Boeing on $8.7 billion incentives for 777X jet

epa05928682 (FILE) - A man walks under a Boeing 777 plane at Taoyuan airport, in Taoyuan, Taiwan, 14 June 2016. Boeing on 26 April 2017 released their first quarter 2017 results, saying their first-quarter earnings and operating cash flow were higher compared to the previous year. Boeing's 1st quarter net income stood at 1,451 billion USD, compared with 1,219 billion USD in 2016.  EPA/RITCHIE B. TONGO

Bloomberg

Boeing Co. won a round in a long-running US trade dispute with the European Union over government backing for the planemaker and competitor Airbus SE.
The World Trade Organisation’s appellate body overruled a lower-level finding that $8.7 billion in tax incentives awarded by Washington state to Chicago-based Boeing for the development of the 777X jetliner constituted the most serious transgression of subsidy restrictions. The appellate body isn’t making a recommendation in the dispute, it said.
“This was a sweeping and clean win for the United States,” Boeing General Counsel J. Michael Luttig said. “The latest of the false claims Airbus and its government sponsors have made has now been rejected by the WTO.”
The U.S. and the EU have spent more than a decade tangling over government efforts to help Boeing and Toulouse, France-based Airbus defray billions of dollars in costs to create commercial aircraft.

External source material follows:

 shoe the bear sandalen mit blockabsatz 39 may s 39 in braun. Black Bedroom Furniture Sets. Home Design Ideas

The WTO ruling effectively ends the dispute over aid provided to Boeing by the state to ensure the planemaker would manufacture the 777X and its carbon-fiber wing in Washington, although two other cases are still pending.

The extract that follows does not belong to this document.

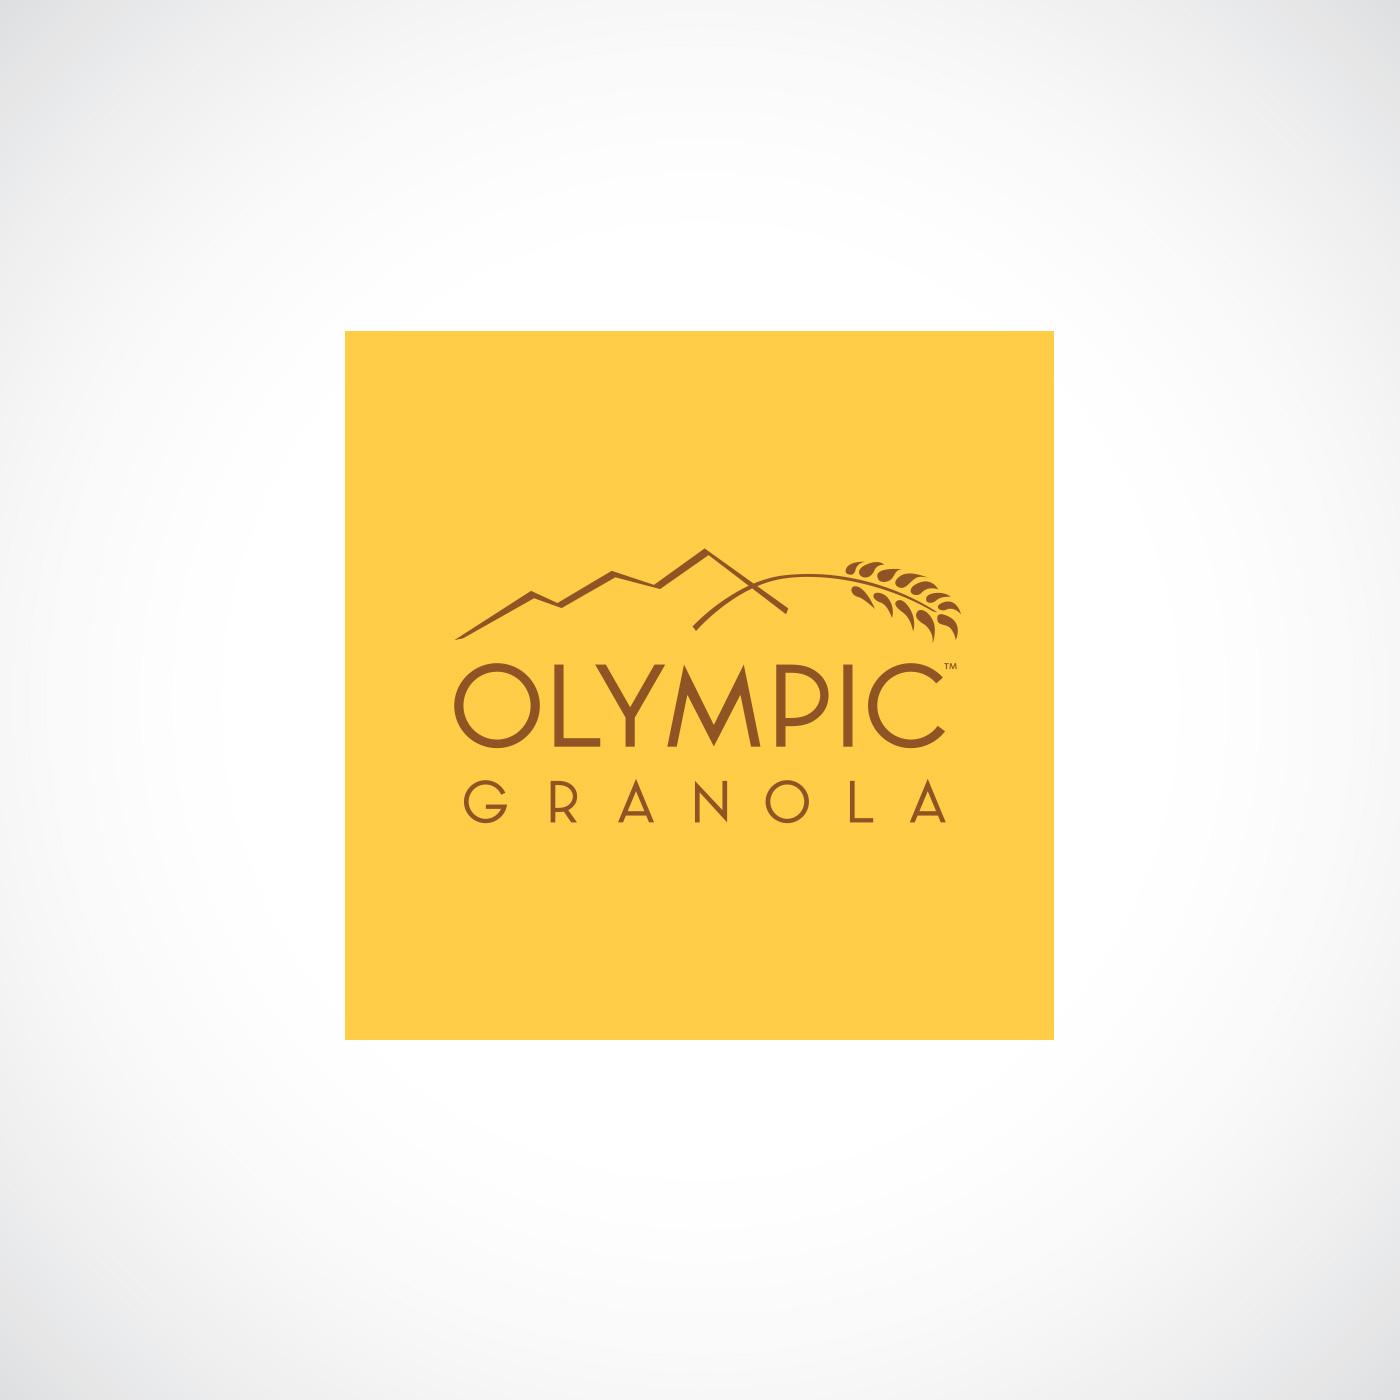 Olympic Granola

The three-judge appellate panel overturned an earlier WTO finding that a 40 percent reduction in a Washington state levy on 777X gross receipts was a prohibited subsidy. While the tax relief spurred Boeing to build the new jetliner at its factory in Everett, Washington, the aid didn’t prompt the planemaker to favour domestic parts over imports, the panel said.
The appellate body also rejected Europe’s contention that six other elements of the state’s incentive package were illegal. No further appeal is available to the EU on this case.

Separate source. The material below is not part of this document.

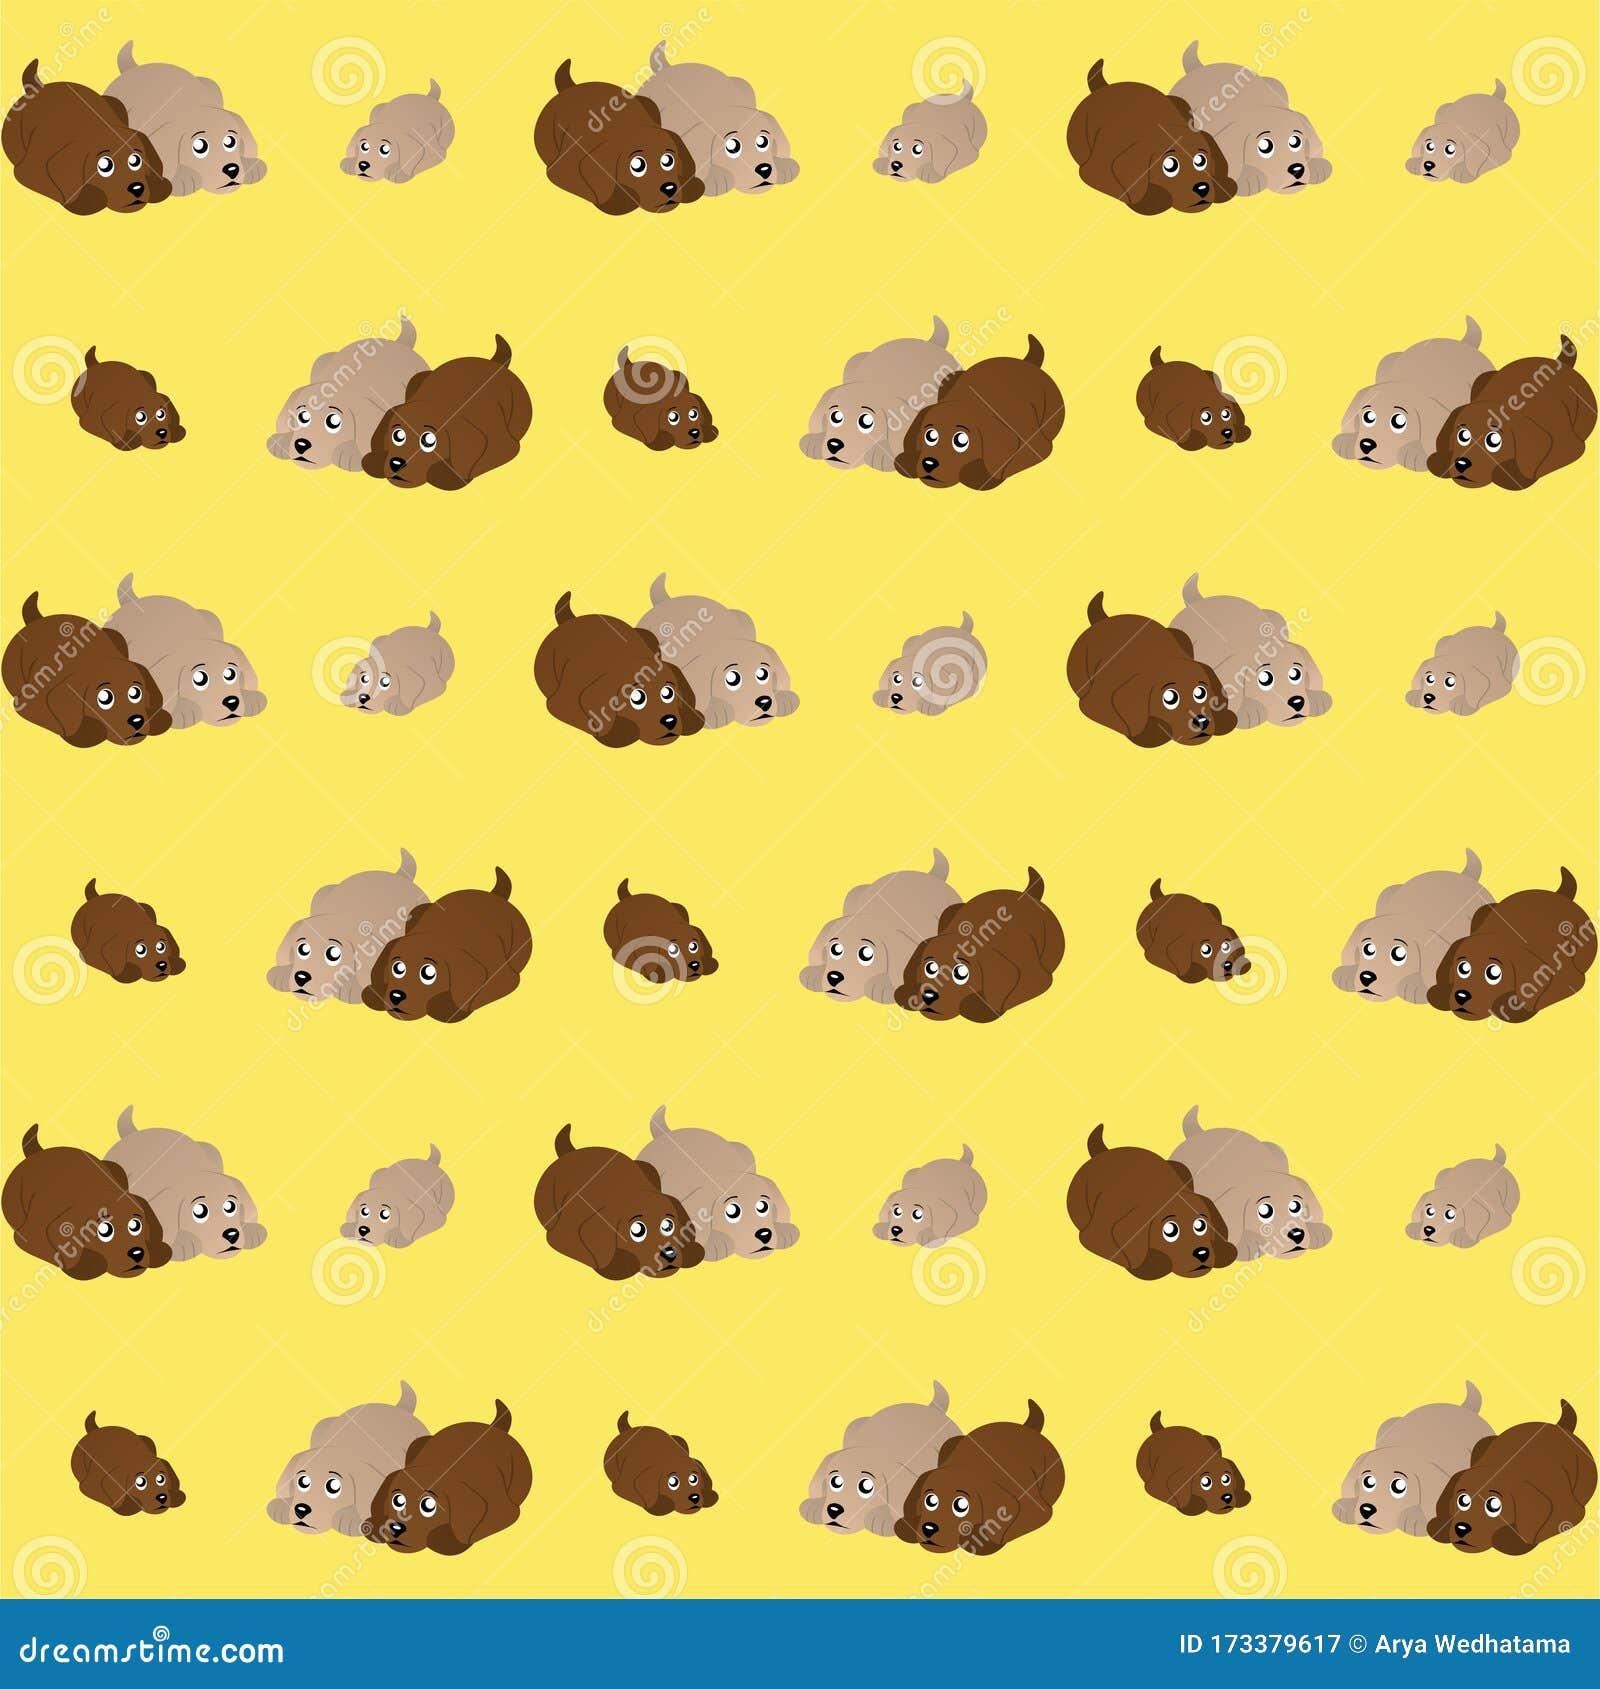 Dog Or Puppy Cute Illustration Cartoon Funny Character Pattern Wallpaper Stock Illustration Illustration Of Design Pets 173379617

The ruling doesn’t preclude the 777X subsidies from being used in a separate and broader case brought by Airbus against Boeing in response to the US manufacturer’s initial application against its rival in 2004. That case is still in its compliance phase and has separately determined the subsidies to be “actionable,” a lesser but still illegal transgression of WTO rules, Airbus said.
“Boeing illegal subsidies are still illegal and need to be removed,” Airbus spokesman Rainer Ohler said. “The ‘game’ is far from over.”
The appellate body is expected to rule later this year on a 2016 finding that the EU failed to remedy some of the incentives to Airbus deemed illegal in 2011 and that the bloc compounded the issue with below-market loans for the planemaker’s new A350 jetliner. The US would be allowed to pursue retaliatory sanctions if the decision is upheld. The EU has appealed and disputes US claims of $22 billion in damages.
“European governments have provided billions of dollars in illegal subsidies to Airbus for years, yet they have tried and failed to create a false equivalence with the United States and Boeing.” US Trade Representative Robert Lighthizer said.